Learning with sparse rewards remains a significant challenge in reinforcement
learning (RL), especially when the aim is to train a policy capable of
achieving multiple different goals. To date, the most successful approaches for
dealing with multi-goal, sparse reward environments have been model-free RL
algorithms. In this work we propose PlanGAN, a model-based algorithm
specifically designed for solving multi-goal tasks in environments with sparse
rewards.
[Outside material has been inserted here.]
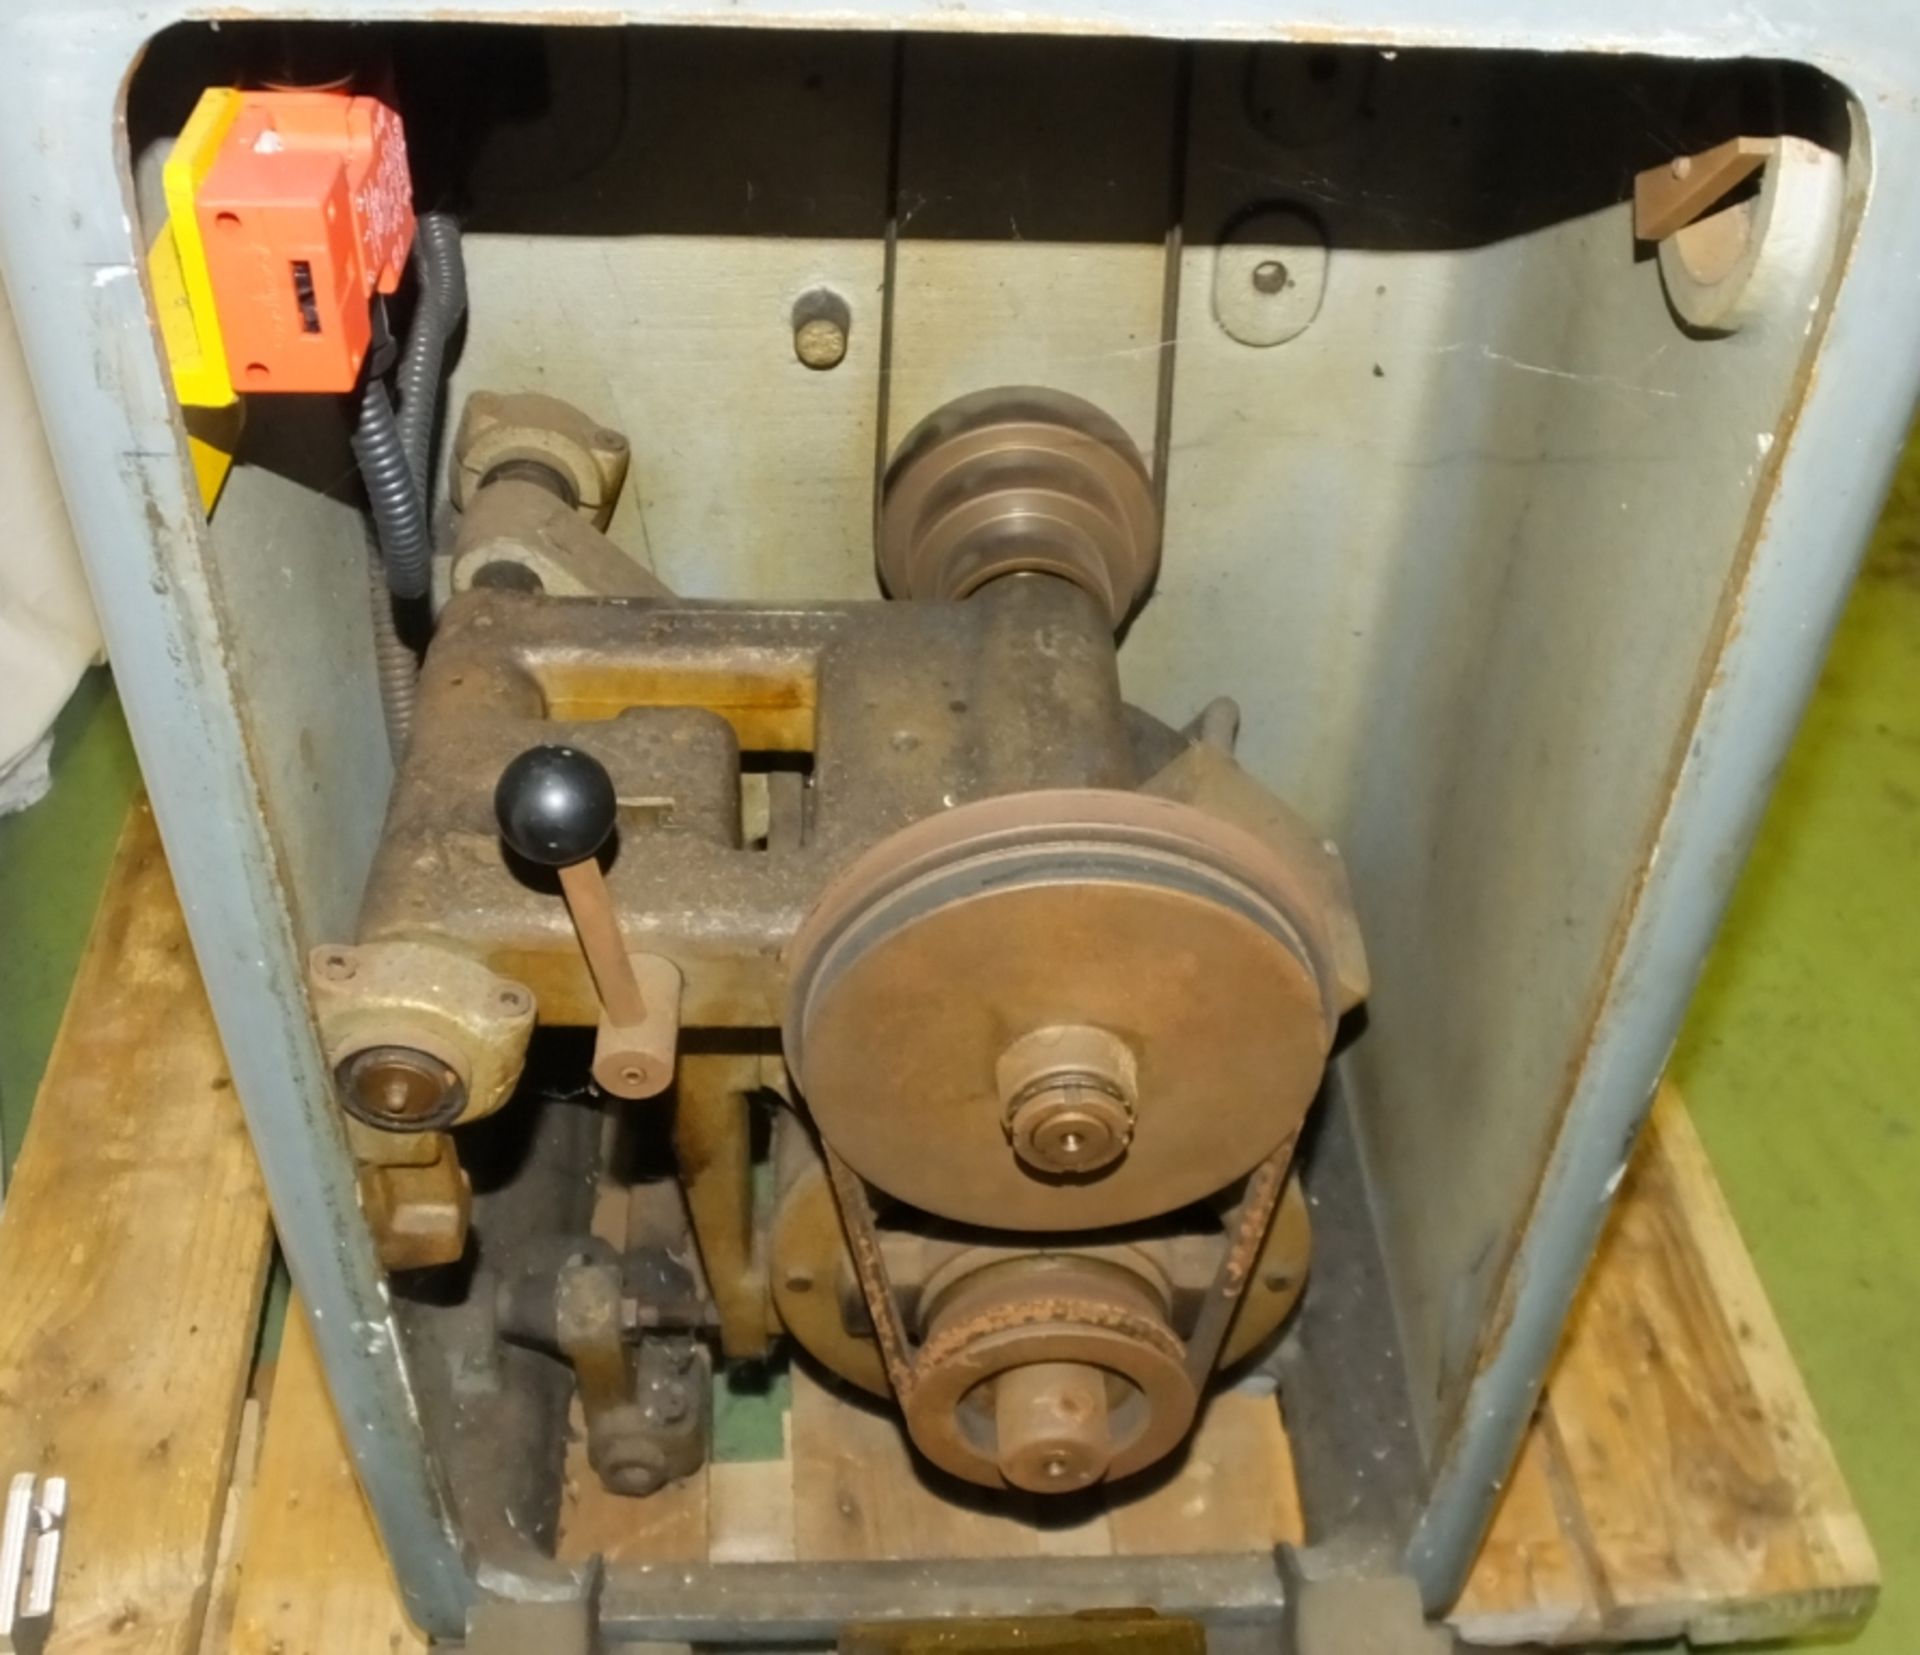 Schaublin S.A. Lathe Type 102-80 - 420V - Serial 250358 - £10 Loading Charge Applied to th - Image 8 of 15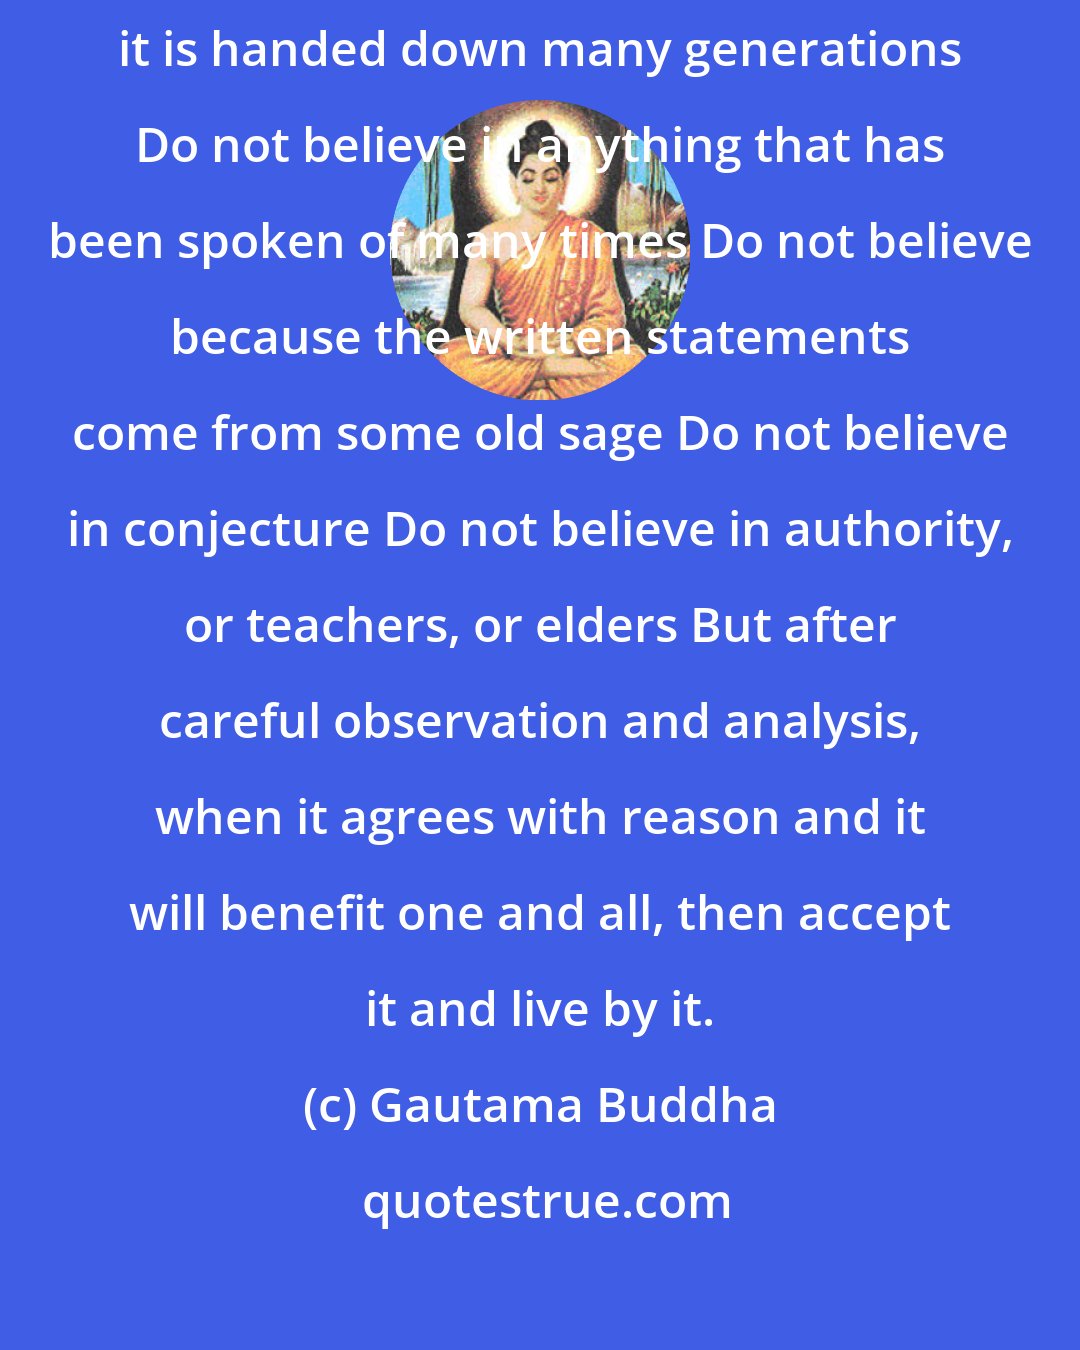 Gautama Buddha: Do not believe what you have heard Do not believe in tradition because it is handed down many generations Do not believe in anything that has been spoken of many times Do not believe because the written statements come from some old sage Do not believe in conjecture Do not believe in authority, or teachers, or elders But after careful observation and analysis, when it agrees with reason and it will benefit one and all, then accept it and live by it.

Our method builds on the fact that any trajectory of experience
collected by an agent contains useful information about how to achieve the
goals observed during that trajectory. We use this to train an ensemble of
conditional generative models (GANs) to generate plausible trajectories that
lead the agent from its current state towards a specified goal. We then combine
these imagined trajectories into a novel planning algorithm in order to achieve
the desired goal as efficiently as possible. The performance of PlanGAN has
been tested on a number of robotic navigation/manipulation tasks in comparison
with a range of model-free reinforcement learning baselines, including
Hindsight Experience Replay. Our studies indicate that PlanGAN can achieve
comparable performance whilst being around 4-8 times more sample efficient.

本研究提出了 PlanGAN，一种使用模型的算法，专门针对具有稀疏奖励环境的多目标任务进行求解，该算法比最成功的基于无模型 RL 算法的方法在提高 4-8 倍的样本效率下达到可比较的表现。